Engineers sometimes find the word ‘taste’ intimidating. It sounds unclear, but it’s not. Taste means knowing what has worked before and what lasts. It’s the instinct that tells you a screen will confuse users, even if the data looks good in the short term. Taste can be taught. Pair people with good judgment on small tasks and have them explain their choices. Don’t turn it into a lecture. Make it a shared learning experience!
I look for a few signs that show a team is getting the benefits of deep work: fewer status meetings, more short notes that end with decisions, fewer urgent messages, more quiet days, fewer incidents, and more small wins that shape a quarter. These things might not look exciting in a presentation, but they feel good in real life.
The key change is that jobs are being redesigned around what people do best: judgment, taste, courage, and steady focus. While AI handles the busywork, teams need to decide what matters and say no to the rest. The future isn’t empty because of automation. It’s a chance to build on our unique human strengths.

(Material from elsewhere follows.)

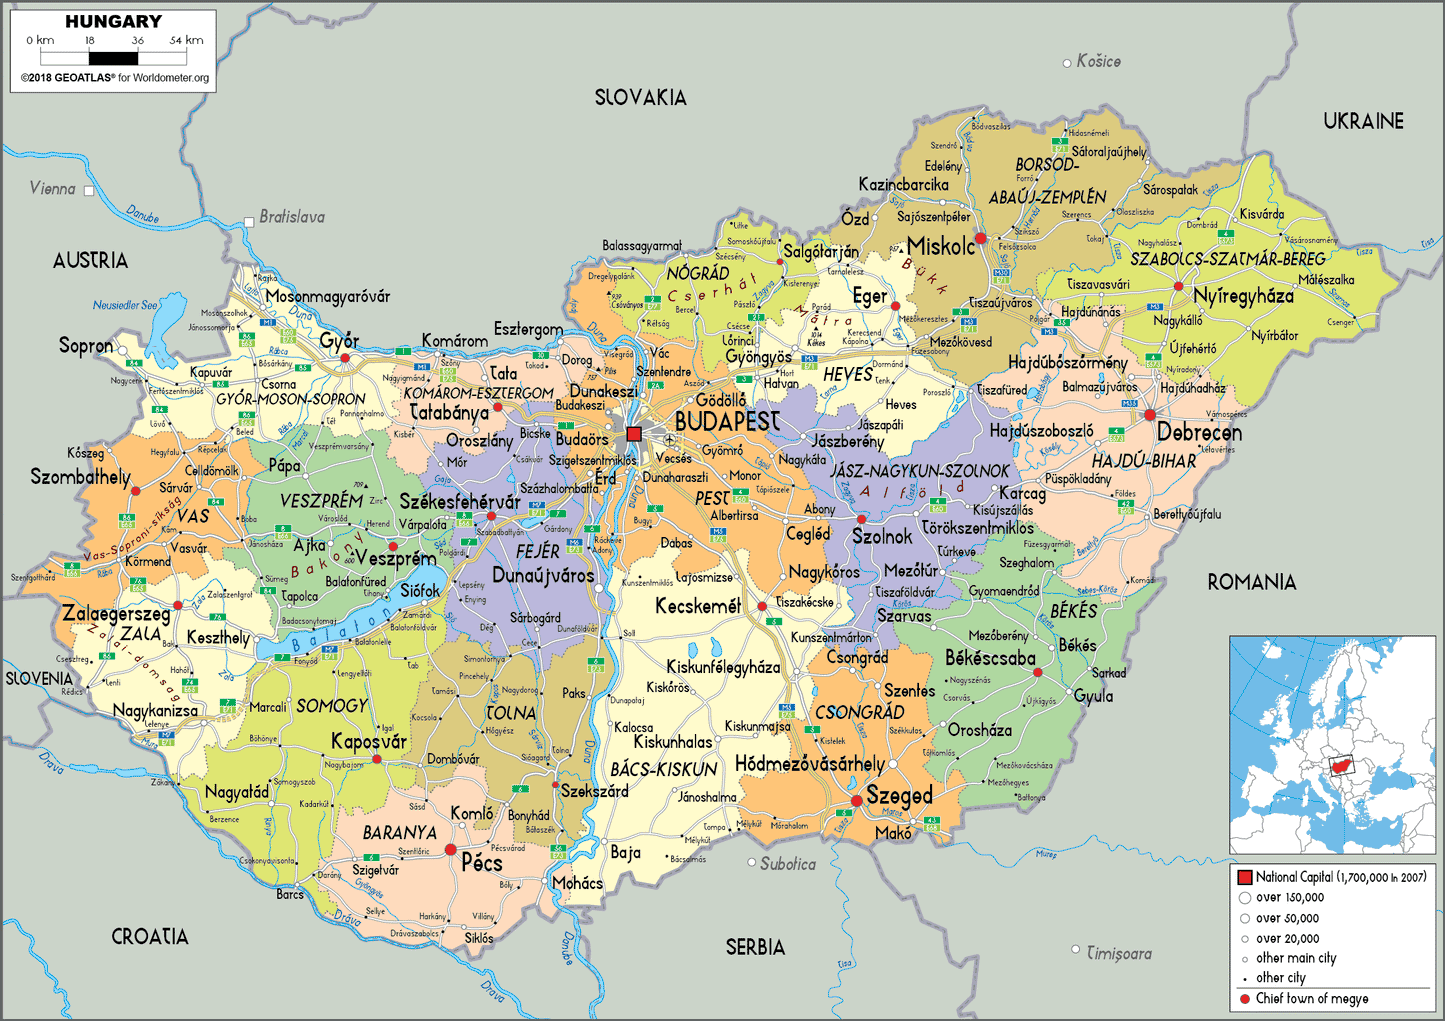 Overzicht regio's in Hongarije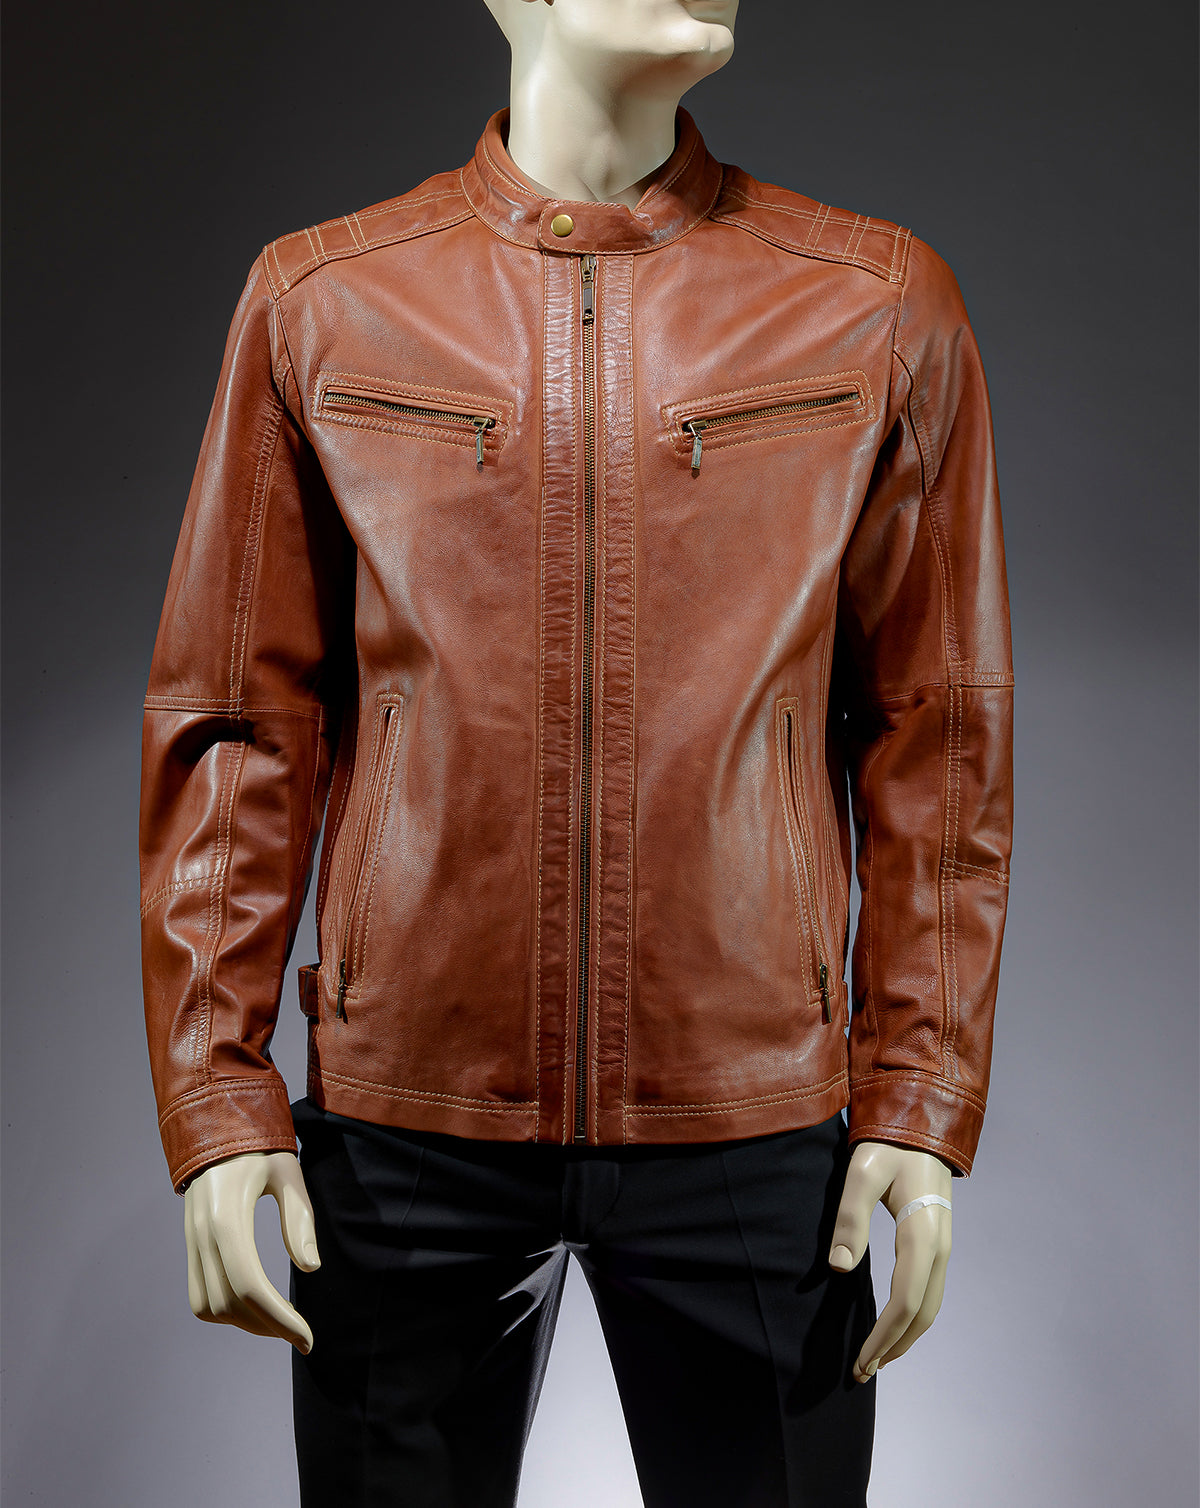 Leather Biker Jacket Whisky color.

Some people will claim that deep work can be automated if we just write better prompts. But it’s like getting bathing suits from a vending machine. You can’t learn to swim by buying more suits. You need the pool, the practice, the time, the fear, and the joy.
So where do we start? Pick one day a week for deep work. Set a clear goal at the start of the week. Let the assistant handle routine tasks. Schedule a maintenance block and keep your tools simple. Teach good judgment by pairing people up. Cut out fake deep work with a positive approach. Then deliver the one thing that matters. The benefits add up, the quarter feels different, and the team grows.
AI isn’t our destiny. It’s just a tool that clears the way and gives us back the work we’ve been avoiding. Take your time. Think things through. Make fewer mistakes. Build things that help people, not hurt them. The assistant will handle the surface tasks, but the deeper work is still up to us. Let’s get better at it.